2. The Irish School Weekly was founded in 1904 as a ‘practical journal for practical teachers and a record of the work of the Irish National Teachers’ Organisation [INTO].’ It cost a penny and was published by the Educational Company of Ireland although its editorial and literary sections were written by members of the INTO. In 1919 the INTO took over full editorial control. The Irish School Monthly was founded in 1900 as a ‘magazine of practical schoolwork’ and was published by Blackie and Son, Dublin. It cost threepence and was edited by Mr. W. G. Lyons, chairman of the Educational Company of Ireland. The ISM published monthly accounts of the work of the INTO written by a prominent member of the executive. Publication of the ISM ceased in 1906.

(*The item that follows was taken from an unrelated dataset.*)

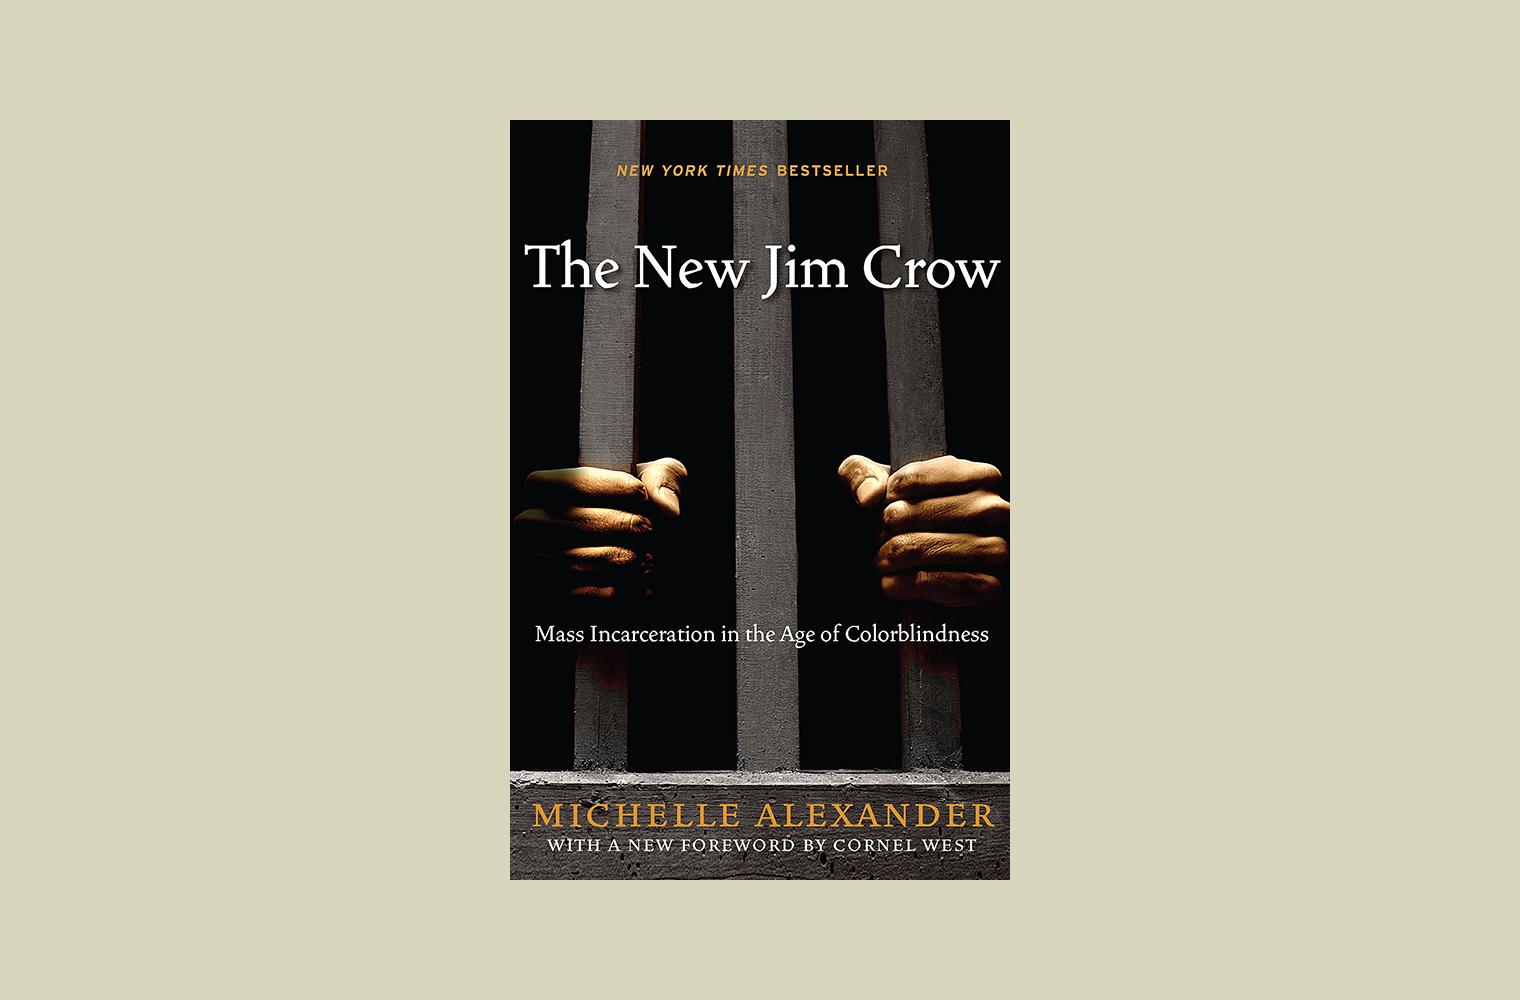 Книги о расизме - Новый Джим Кроу: массовое заключение в эру цветовой слепоты

3. Dale report, p. 37, point 125. Mr F. H. Dale had been commissioned by the British government to ‘inquire and report how typical Irish Elementary Day Schools compared with similarly circumstanced Public Elementary Schools in England as regards Premises, Equipment, Staffing and Instruction; and to what causes differences in economy and efficiency appear to be chiefly due’.

4. Sir Alfred Mosley organised an Educational Commission which visited the United States from October to December 1903 to ‘ascertain how far education in the United States is responsible for her industrial progress’.

5. There were three grades, and all teachers appointed after 1 April 1900 were placed on grade three. There were two divisions in first grade. Teachers’ grades were determined by inspectors’ reports, average attendance numbers and standard numbers. The standard numbers system allowed for a fixed number of teachers in either division of the first grade and no promotion to either grade was possible when that number was reached unless a teacher already in the grade resigned or died. An average attendance of 70 was necessary to reach first division of first grade. Three consecutive ‘very good’ inspection reports were required for promotion to the first grade (see O'Connell, 1968).

6. The Irish Education Act of 1892 provided for a residual capitation grant to be paid to schools based on the daily average attendance.

7. In the same report the commissioners made much of the fact that 60.3% of teachers in their service on 31 December 1905 were trained.

8. The JAMs comprised less than 1% of the teaching force in 1905. By 1909, they comprised 15% of all teachers in the national schools (Seventy-first report, 1905, p. 39; Seventy-sixth report, 1910, p. 27).